In one season, Laperriere became one of the most popular Flyers in recent memory. No one works harder or understands the team concept more than he does. When his season was lost due to an injury from blocking a shot with his face during the playoffs, the Flyers lost a top penalty-killer and one of the league’s best hitters and grinders. While Shelley can hit and fight like Laperriere, he can’t do much else. He is not a strong defensive player, his skating ability is almost non-existent and he often takes dumb, selfish penalties. Regardless of how popular he may be in the locker room, he does nothing to help his team on the ice.

Flyers GM Paul Holmgren spent $3.1 million this season paying Zherdev and Shelley. He could have easily kept Asham, who made $700K with Pittsburgh this season, and had they not re-signed Leighton ($1.55 million cap hit) there would have been nearly $4 million saved to spend on a better goalie. Instead, they replaced three complete players with two one-dimensional, ineffective  players and another who plays a role they already have filled.

They lost leadership and the rest of the team looks lost in their own zone and they are taking bad penalties. The ability to grind out a win and hit opposing defenses into submission has been greatly diminished and the Bruins are taking full advantage right now. While their high-end players may not be as good, Boston has a much more complete forward unit and that has them in prime position to reach the conference final for the first time since 1992.

1 thought on “Three Key Losses At Forward Have Hurt The Flyers”

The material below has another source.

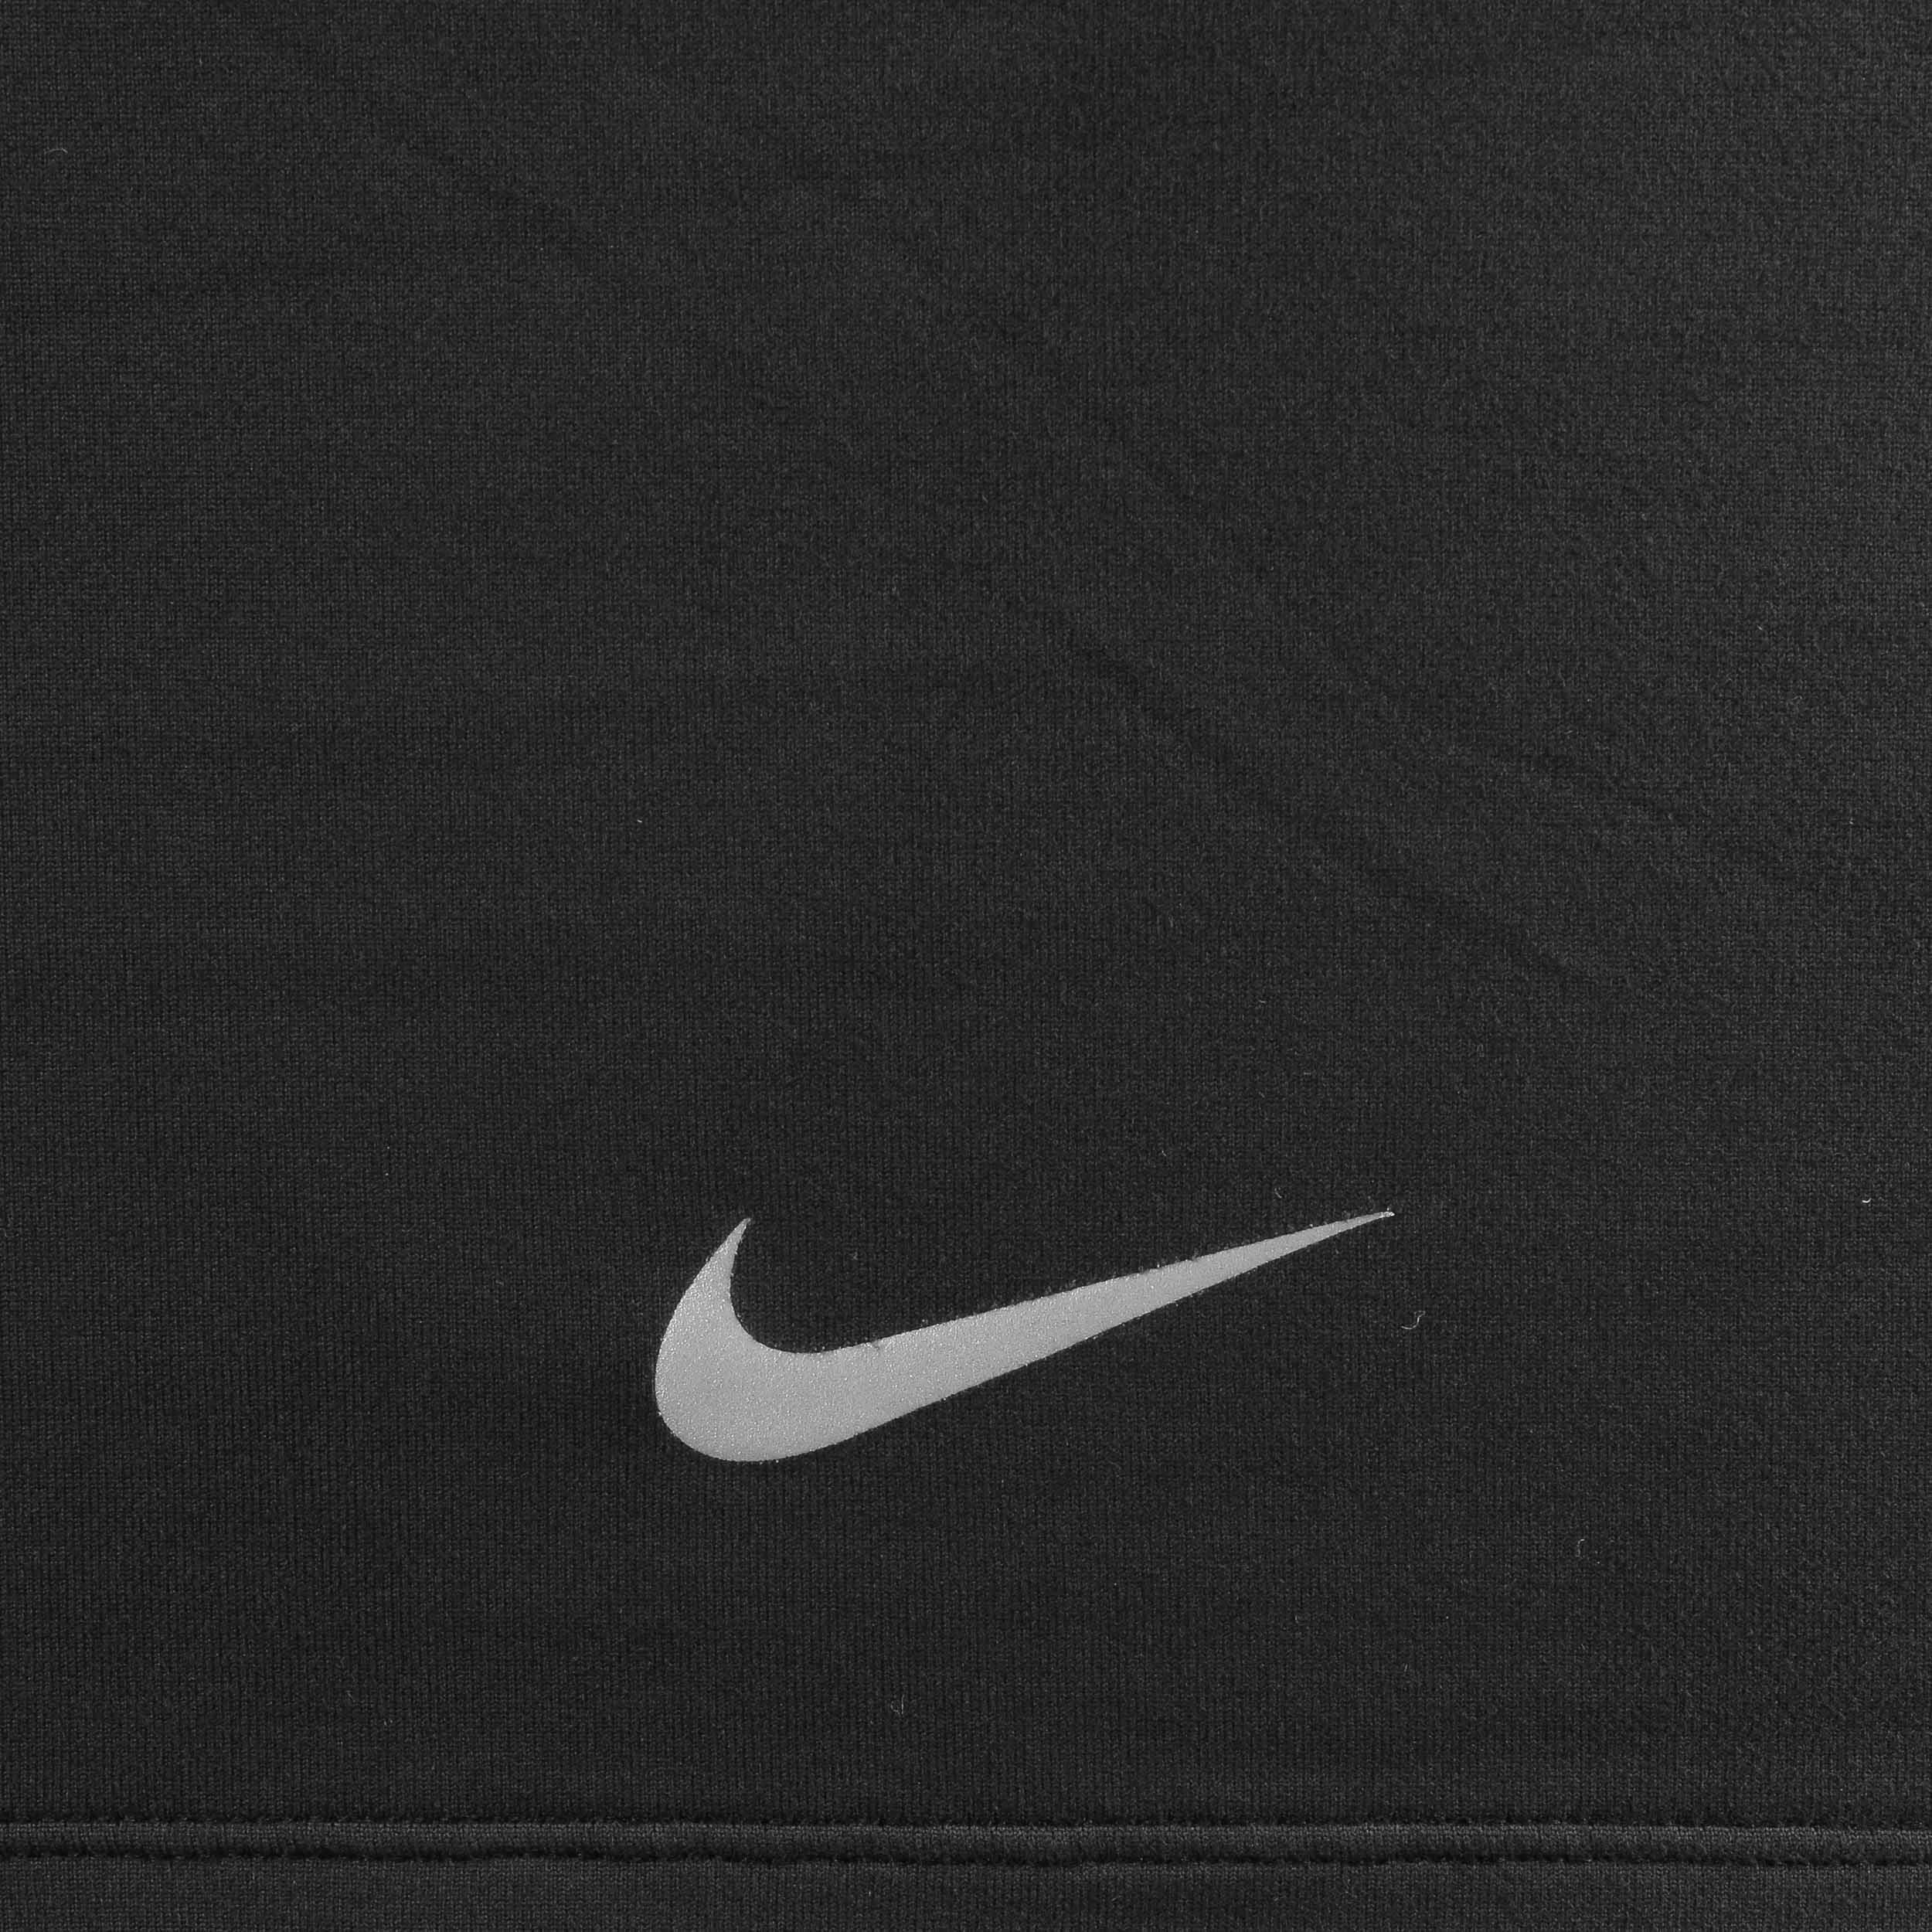 nuevo concepto boutique de salida nuevo estilo Multifunctional Bandana Dri-Fit by Nike

  1. There was nothing that could have been done about Lappy. I disagree with the Gagne deal at the time, given his health this season it was probably a wash. Asham is the one that made little if any sense to not pursue at all. I don’t think he’d have swung the series but he was a more attentive, grittier and flat out harder player than the two skill guys in the discussion here. Shelley has really contributed nothing, that was a junk signing along with the Leighton re-upping.

    The Versteeg move also made no sense, just overtinkering really. Gagne might have been at an impasse, otherwise the moves were 1) shoring up the third pairing (which Holmgren did quite nicely) and 2) finding an affordable, reliable option in net, which was a massive failure.